連載 東アジアを歩く

第五回 山口

 

 文明18年(1486)の6月、東福寺の住持もつとめた高僧である了庵桂悟が山口を訪れた。二人はこのときが初対面であったようだが、終生の友となった。この年了庵は62歳。雪舟は67歳であった。雪舟は自分の住まいに「天開図画楼」と名付けていたが、了庵に頼みこの名前にちなむ一文を書いてもらった。それが「天開図画楼記」という文章となって残った。中国から帰国した後に、一時大分に居たときの住まいも「天開図画楼」で、このときは呆夫良心という友人に文章を頼み、そちらも「天開図画楼記」と題されていた。「天開図画」とは、「天の描き出す絵画」つまり美しい自然を意味する。
 了庵のこの「天開図画楼記」は、雪舟の住まいについて「土地は小さいが、高台の清々しい場所にあり、当主の大内政弘もしばしばここを訪ねた」と記している。この「天開図画楼」が、現在の雲谷庵の位置(山口市天花)にあったものかどうかは定かでないが、いま雲谷庵がある場所も高台であることに違いはない。庵の裏には清水が湧き出ており、清々しい場所であることも確かだ。

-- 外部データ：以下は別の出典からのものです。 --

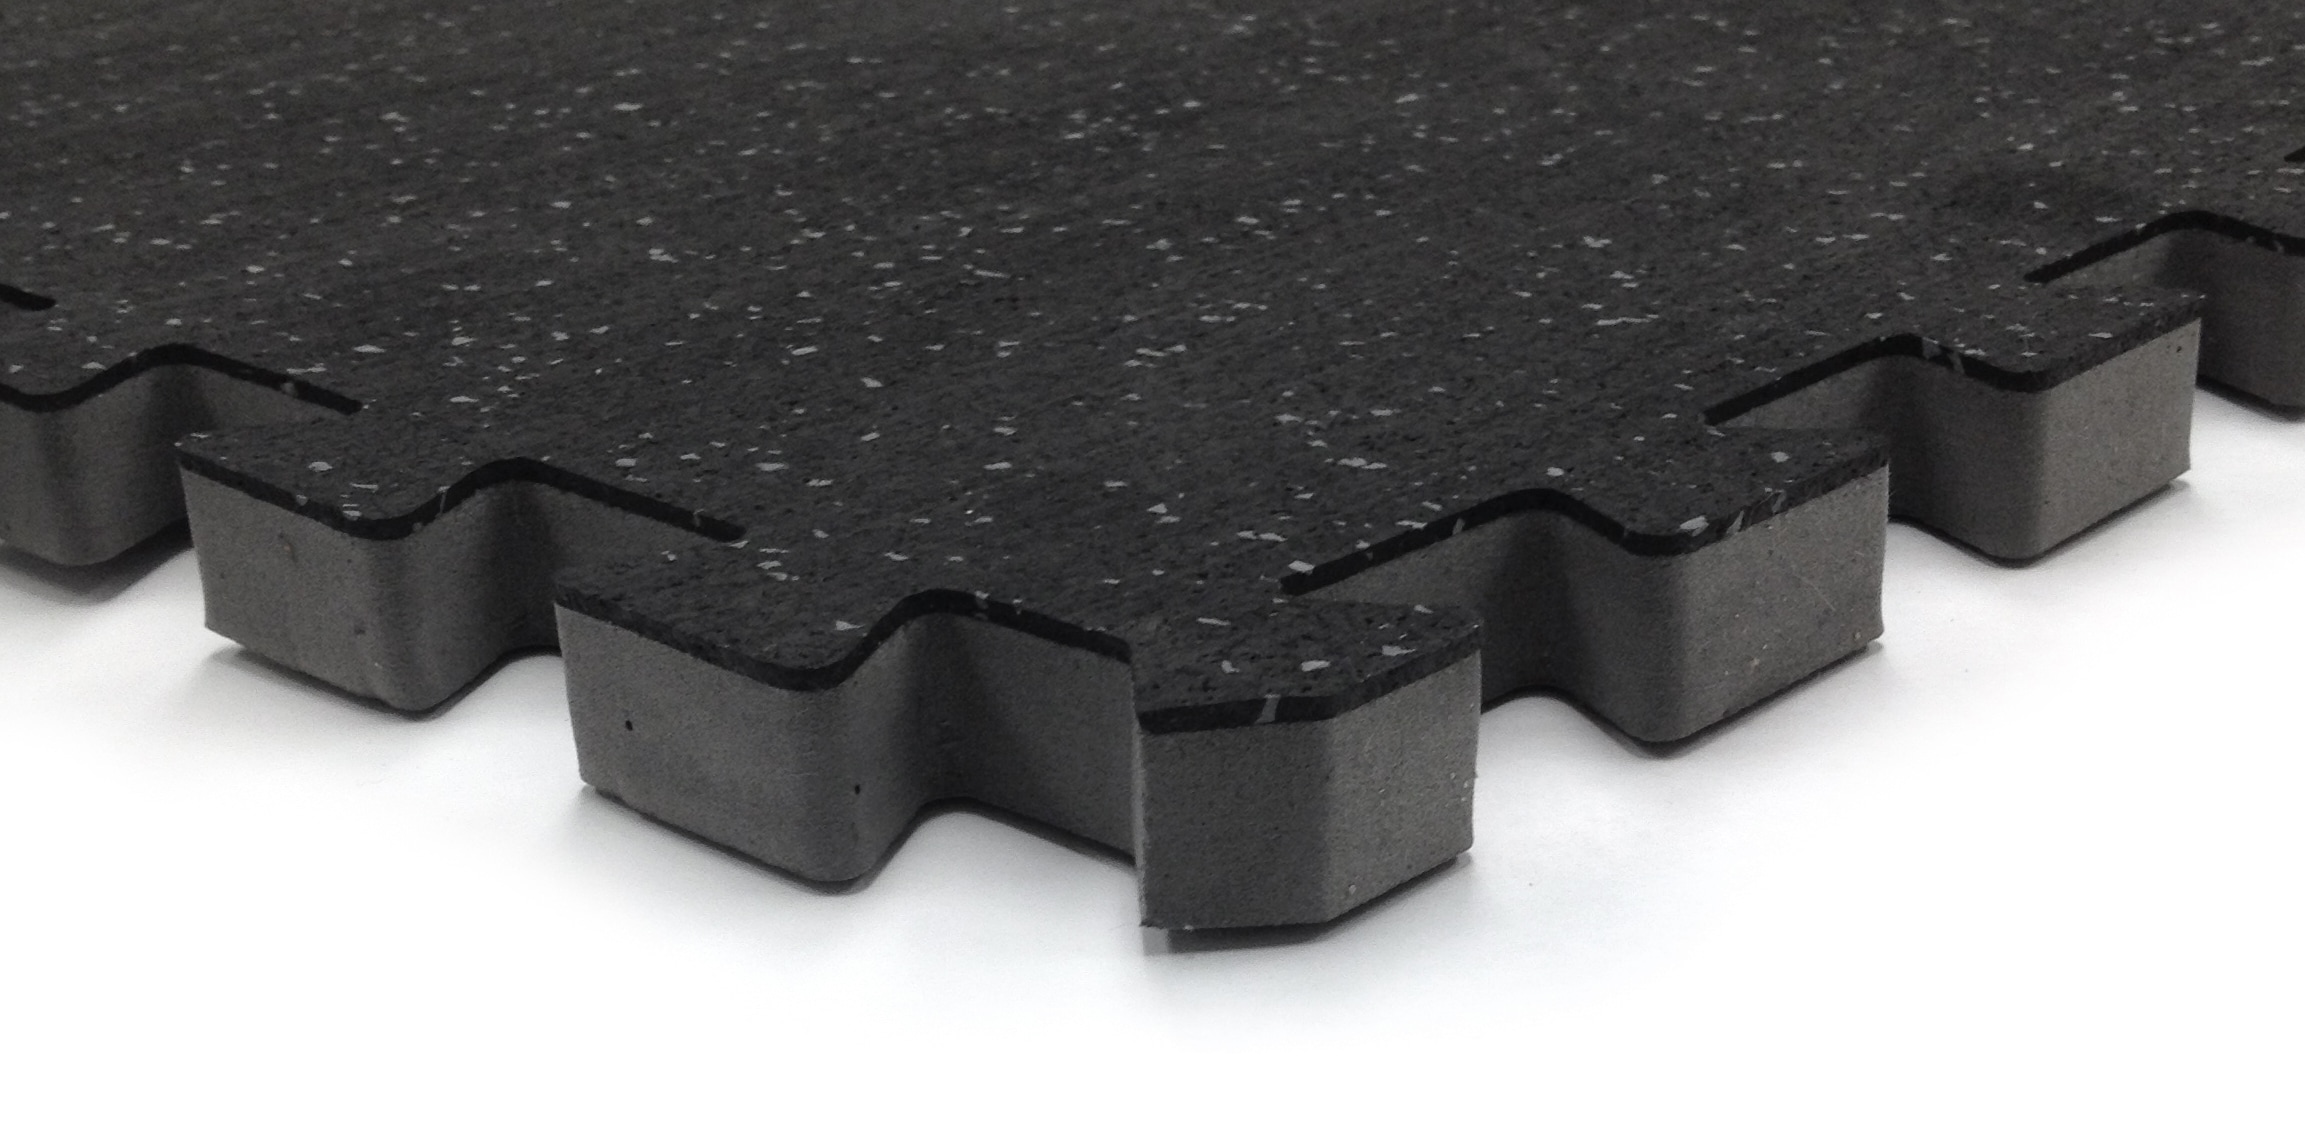 Foam Mat Floor Tiles, Interlocking Ultimate Comfort EVA Foam Padding by  Stalwart - Soft Flooring for Exercising, Yoga, Camping, Kids, Babies,  Playroom 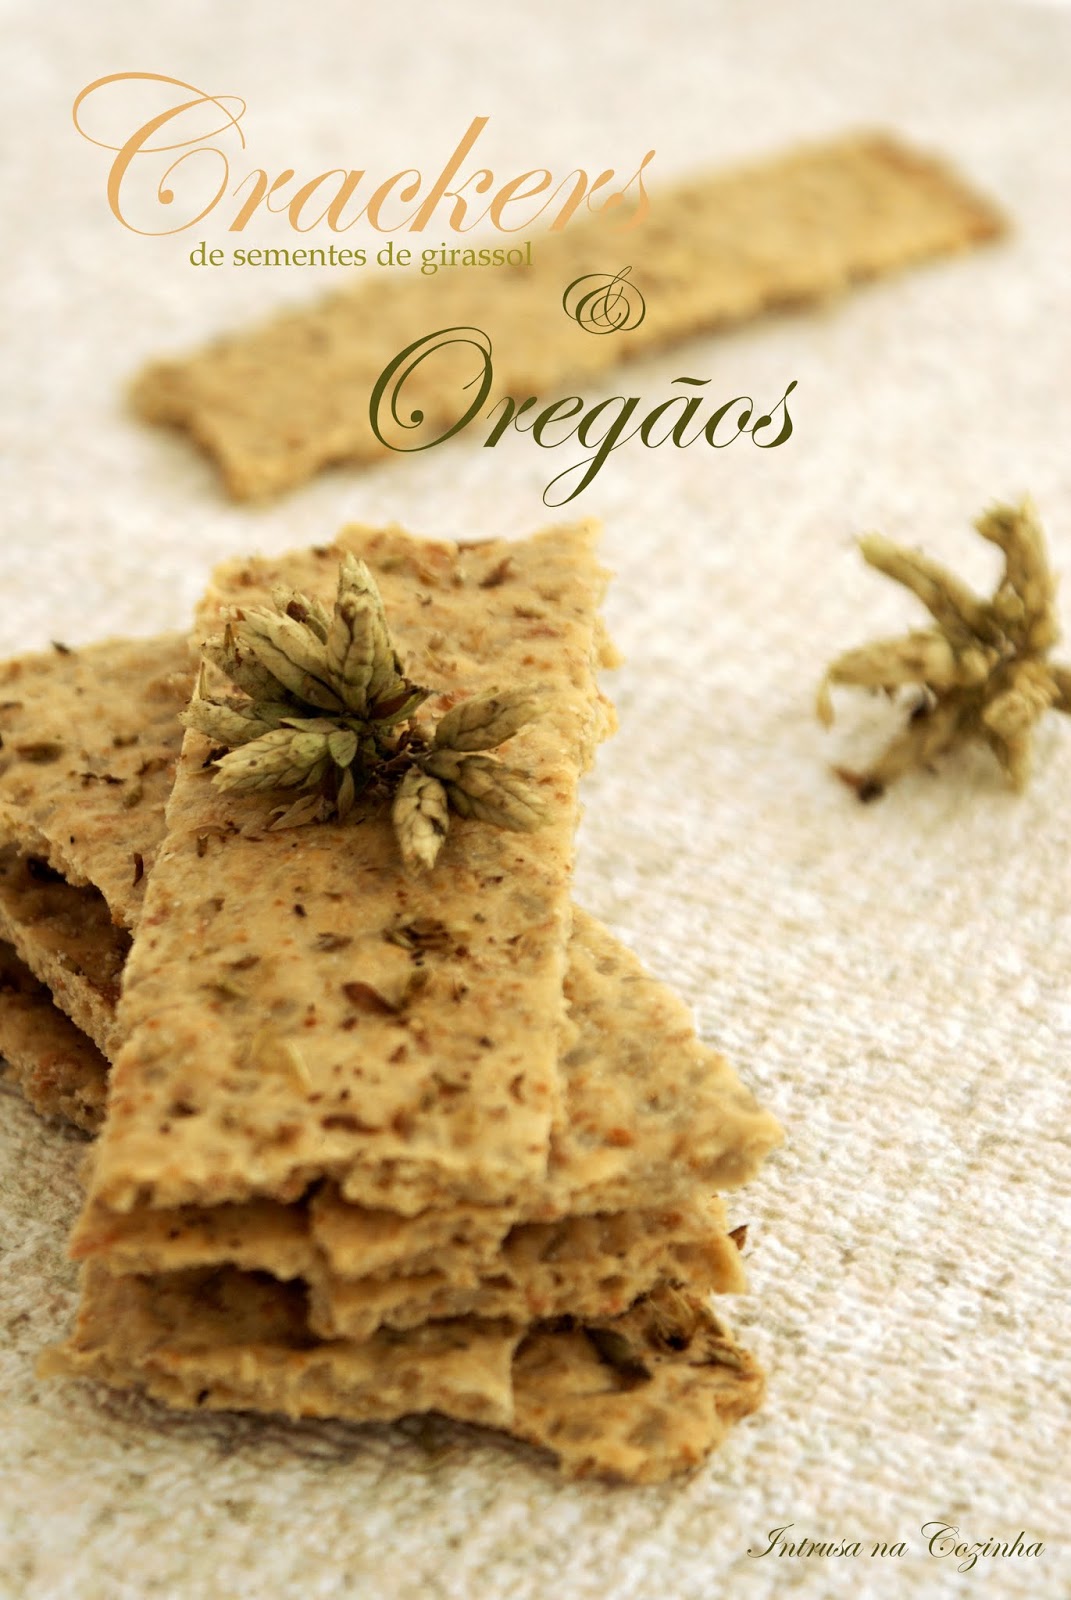 Crackers de Sementes de Girassol e Oregãos

 「四季山水図巻」(毛利博物館蔵)と「三十三観音図」(原本逸失)というふたつの記念碑的な作品を制作したこの1486年以降の山口における雪舟の生活は、その生涯の中でも最も安定した時期であったようだ。画家としての知名度も高まり、弟子も増えた。延徳2年(1490)には、弟子の一人秋月に自画像を描き与えているが、そこに見られる雪舟の表情にはまったく翳りが感じられない。この安定を支えていたのが、当主大内政弘との良好な関係であっただろうことも容易に想像できる。
 その政弘が知命(五十歳)にて没したのが明応4年(1495)。これは雪舟にとって少なからぬ打撃であったのではないか。家督を継いだ義興はまだ19歳の若さであり、さほど頼みとはならなかったであろう。
 この年の3月に、雪舟は弟子の宗淵に「山水図」(東京国立博物館蔵)を描き与え、絵の上に長文の序を記した政弘が没したのはこの年の9月であったが、前年の秋には病状の悪化によってすでに義興に家督を譲っている。「山水図」を描き序文を記したときの雪舟の心中は、果たしてどのようなものであったのか。政弘の死を予感し、不安を抱いていたのだろうか。あるいは未だそのような不安はまったく生じていなかったのだろうか。
 いずれにせよ、政弘の没後、雪舟の生活の安定も揺らぎはじめるように思われる。

 明応9年(1500)11月には、「山水図」を描き与えた宗淵から届いた手紙に対して返書を送った。それが、現存する唯一の雪舟直筆の手紙「宗淵宛書状」(梅澤記念館蔵)である。弟子の暮らしぶりに気を遣い、また機会があれば山口に会いにきて欲しいと訴えるこの手紙の末尾近くにある「末世濁乱の世に存命候て無念至極に候」という言葉は、いかにも悲痛だ。それは最晩年の不遇を象徴しているかのようである。雪舟はこの年満八十歳を迎えた。